Boneyard Tools

How to read 4-band and 5-band resistor codes

A plain guide to the resistor colour code: which bands are digits, how the multiplier works, and how tolerance and orientation are read.

How the bands are laid out

A resistor packs its value into coloured stripes so it can be read without printing tiny numbers on a curved body. On a common 4-band part the stripes are, from left to right, first digit, second digit, multiplier and tolerance. A 5-band part inserts a third digit stripe before the multiplier, so it carries an extra significant figure. Getting the reading order right is the first step, because a resistor read backwards can give a wildly wrong value.

Digits and the multiplier

The digit colours follow a fixed sequence: black is 0, brown 1, red 2, orange 3, yellow 4, green 5, blue 6, violet 7, grey 8 and white 9. The multiplier band uses the same order as a power of ten, so a red multiplier scales by 100 and an orange one by 1000. Two extra multiplier colours cover small resistors, with gold as 0.1 and silver as 0.01. Brown, Black, Red therefore means 10 times 100, or 1000 ohm.

The tolerance band

The final band states how far the true resistance may stray from the coded value. Gold means plus or minus 5 percent and silver means plus or minus 10 percent, the everyday choices, while brown at 1 percent and red at 2 percent mark tighter precision parts. Blue, green, violet and grey push tolerance below 1 percent for demanding work. This tool reports the tolerance as a plus-or-minus percentage right next to the resistance.

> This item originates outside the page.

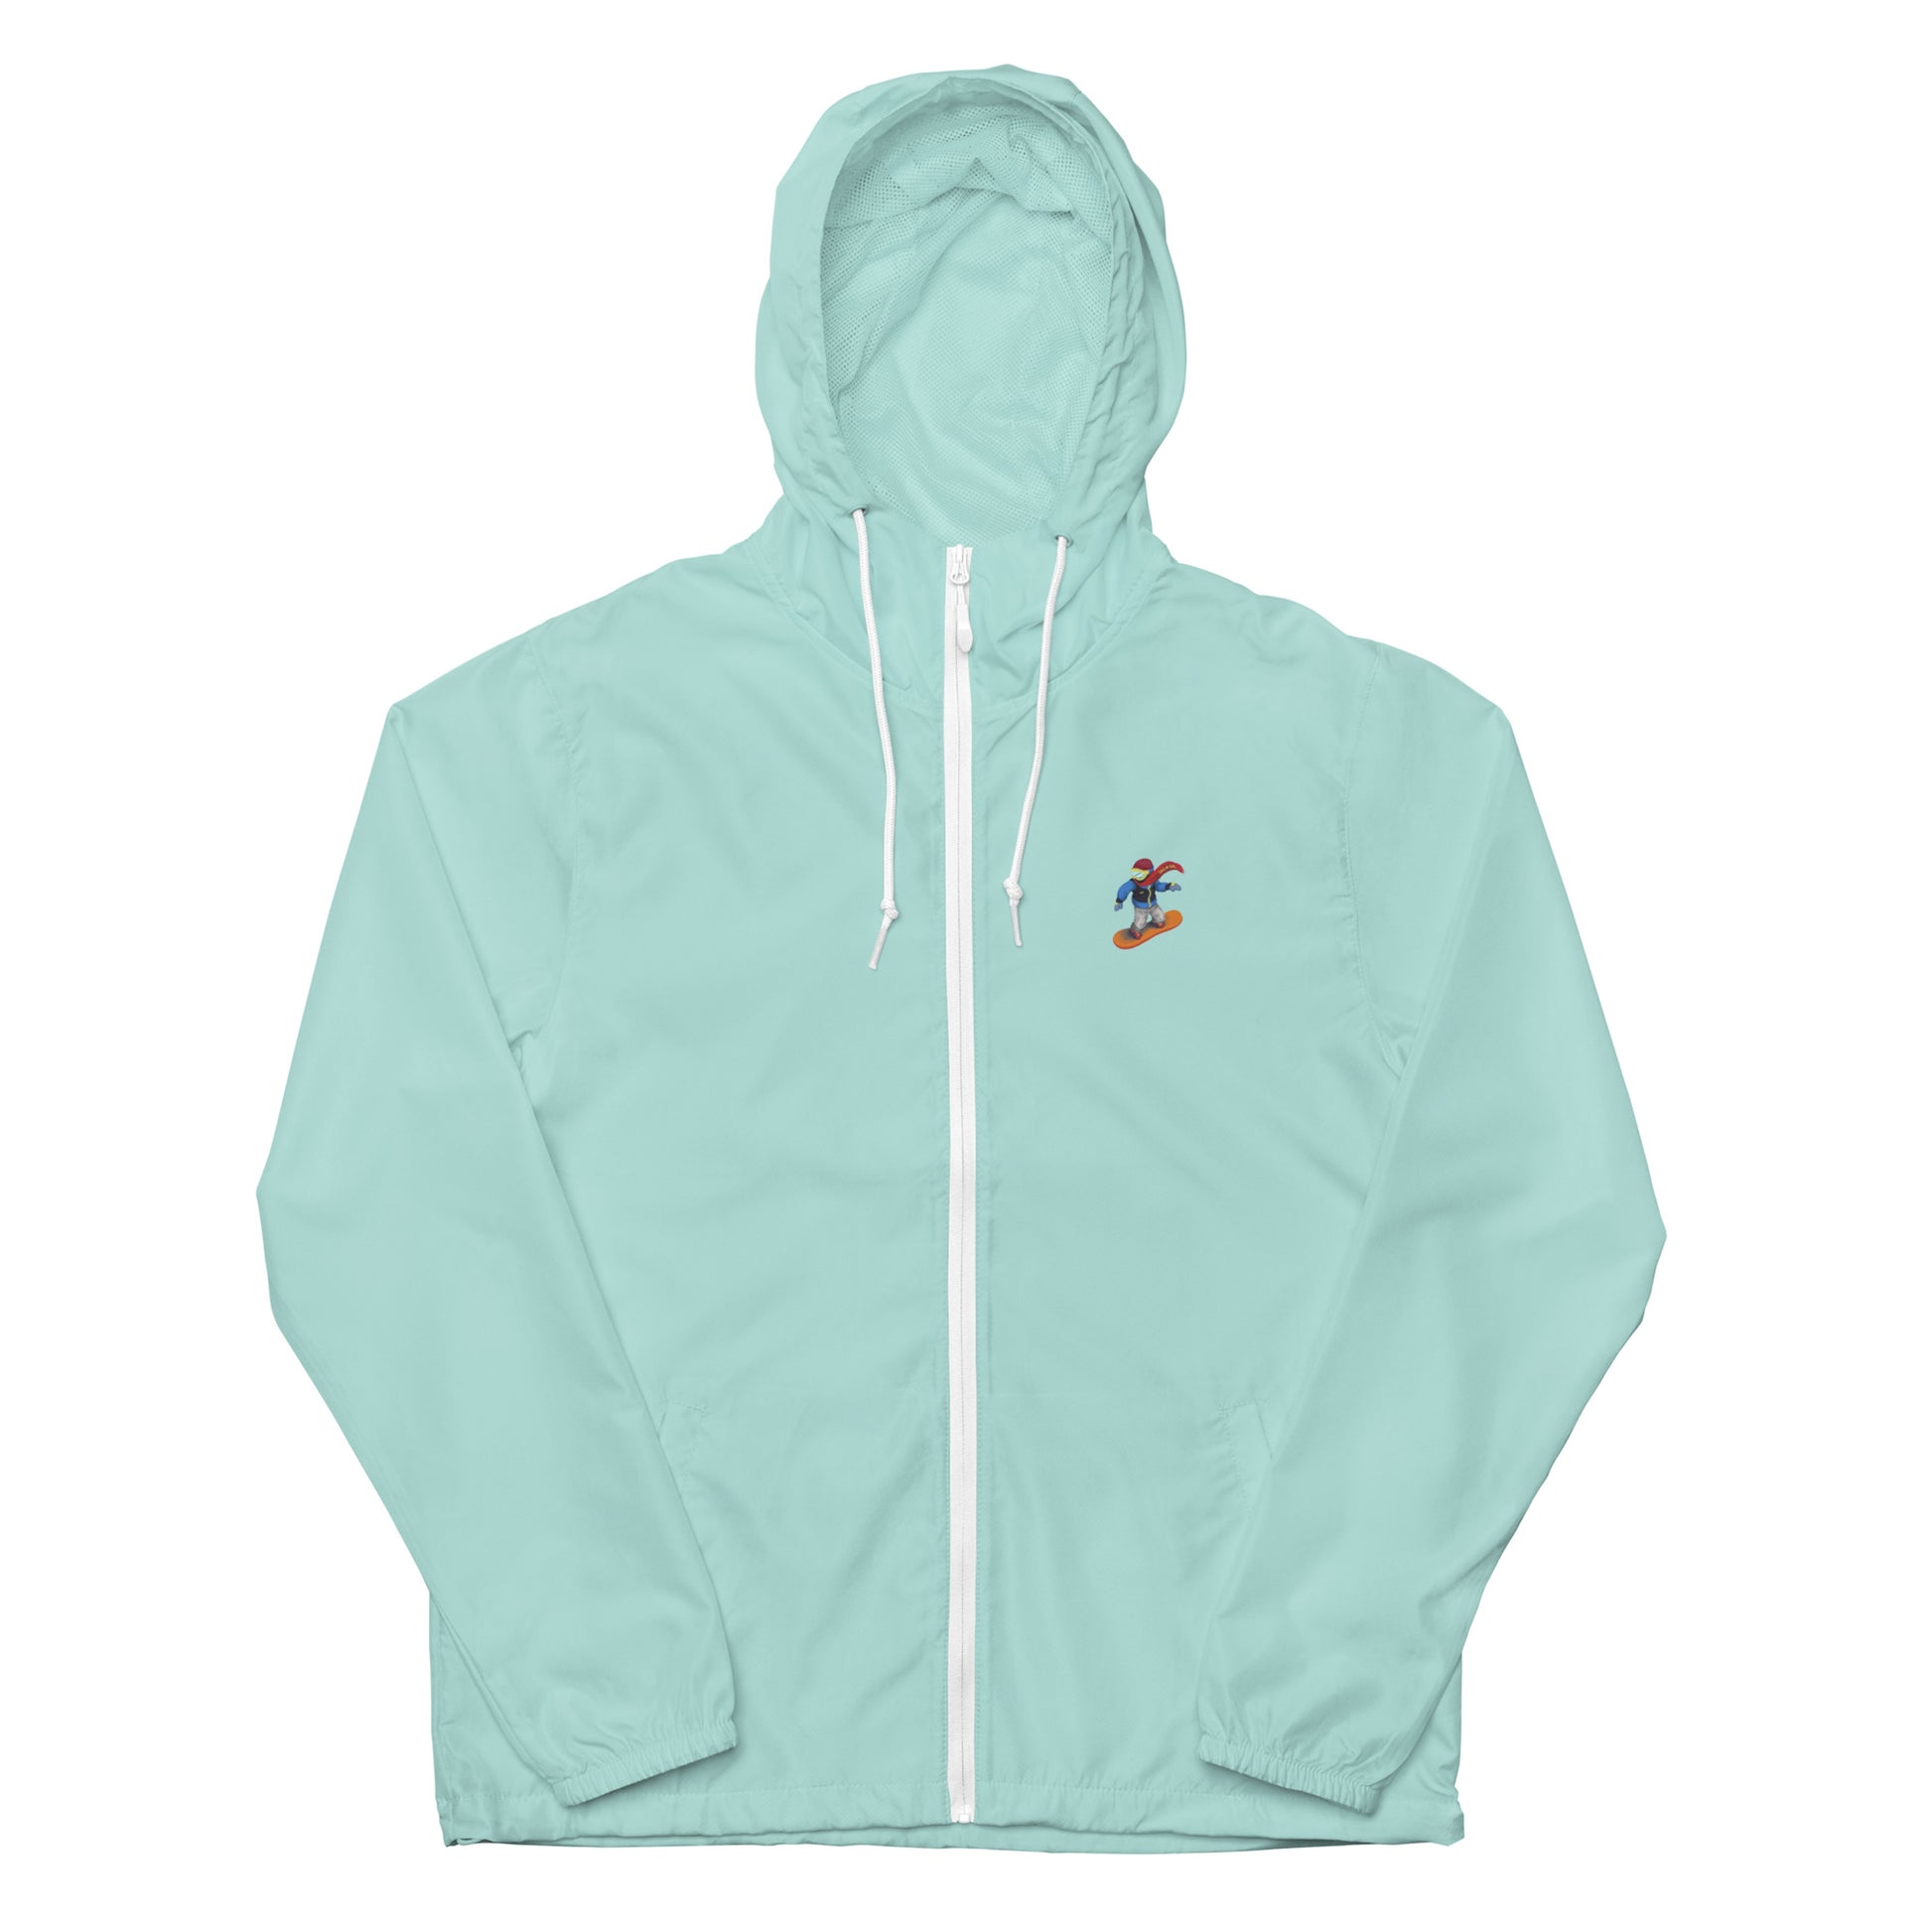 aqua snowboard emoji hoodie with zipper
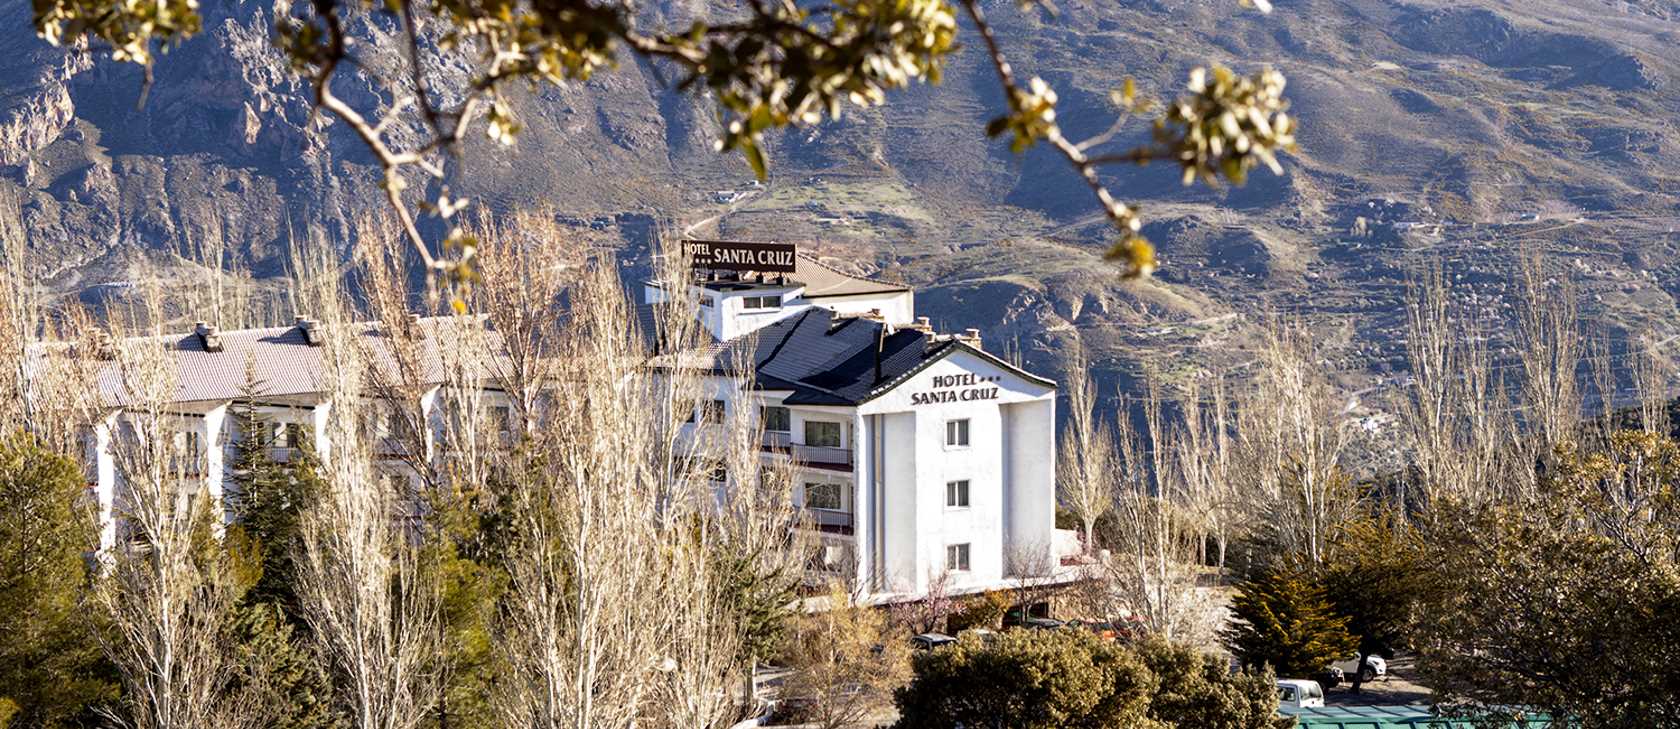 Hotel Barato Sierra Nevada (Sierra Nevada - GRANADA)

Getting the orientation right

Resistors are not marked with an arrow, so you decide which end comes first. The trick is that the digit bands are usually clustered toward one end while the tolerance band sits a little apart after a wider gap. Keep that lone band on the right and read left to right. If the colours produce an odd value, flip the part and read the other way, then compare against a standard resistance to confirm.

Frequently asked questions

What if there is no tolerance band?

A resistor with only three coloured bands and no fourth is an older 20 percent part. Modern parts always carry a tolerance band, most often gold for 5 percent.

Why does my resistor have six bands?

A sixth band gives the temperature coefficient, how much the value drifts with heat. The first five bands are read exactly as a 5-band resistor, and the extra band is informational.